Besides the works already mentioned, Pierson wrote a number of songs, in which his romantic spirit finds its clearest utterance. Of these, ‘Roland the Brave,’ ‘Thekla's Lament,’ and his remarkable settings of Tennyson's ‘Claribel’ and ‘The White Owl’ (‘When cats run home and light is come’) are fine examples. Some of Pierson's songs have a ring of passion and genuine pathos which recalls Schubert, whom he often surpasses in distinction of style; while at the same time they bear the unmistakable stamp of English thought and invention. He left many unpublished compositions, including several orchestral works. Three orchestral overtures, ‘Macbeth,’ ‘Romeo and Juliet,’ and ‘As you like it,’ have been given at the Crystal Palace concerts. Throughout his career Pierson suffered much from the ungenerous attacks of enemies and the eulogies of uncritical friends. He possessed inspiration of a high order, a lyrical gift of great delicacy, individual charm, and nobility of purpose. But his handling of great subjects is defective, when judged by the standard of Beethoven or even Spohr. His works have been persistently neglected in this country, and of all Pierson's interesting legacy of native invention, the glee ‘Ye mariners of England’ is alone popular with the English public. Pierson also composed many hymn-tunes, some of exceptional beauty.

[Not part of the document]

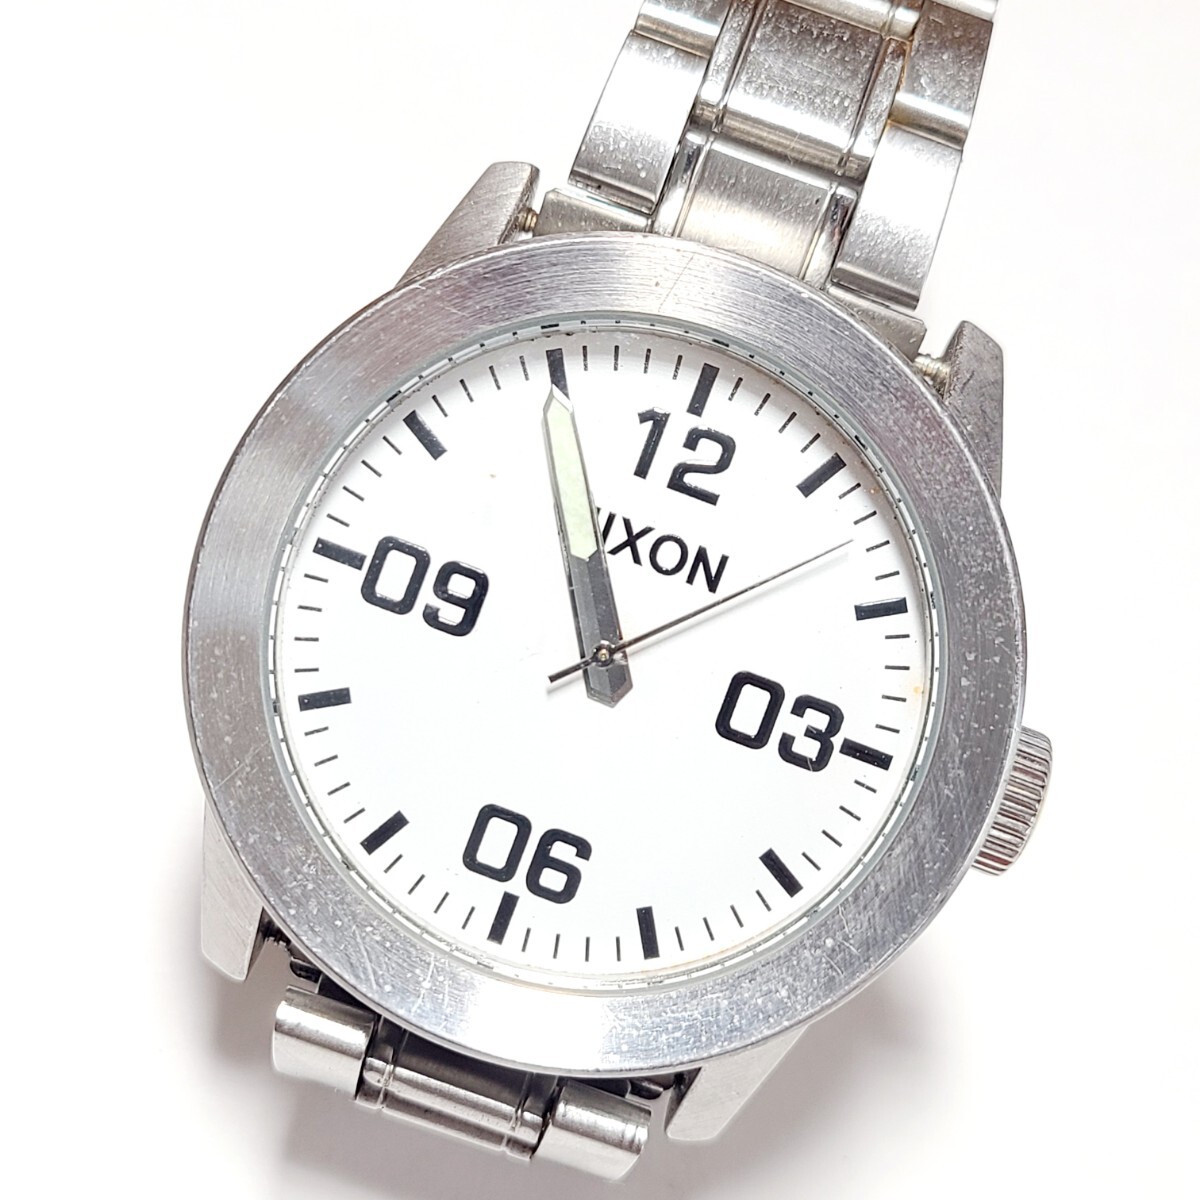 CM165LL NIXON ニクソン IN THE HOTZONE PRIVATE 腕時計 メンズウォッチ ホワイト文字盤 シルバー 100M防水 クォーツ

There exist two portraits of Pierson: (1) an engraving published in the second volume of his collected songs (Leipzig); (2) a portrait sketch in Mr. Robin Legge's ‘History of the Norwich Festivals.’[Accounts of the Norwich Festivals of 1852, 1857, and 1869, in the Musical World, Musical Times, Athenæum, Spectator, Norwich Mercury, Norfolk Chronicle, &c.; A Descriptive Analysis of the oratorio ‘Jerusalem,’ signed Amicus Patriæ (Norwich, 1852); obituary notices and reviews of Pierson's works in Neue Zeitschrift für Musik, Neue Berliner Musikzeitung, and other German newspapers; article by Canon Pearson in Grove's Dict. of Music; information received from Mr. Robin Legge.]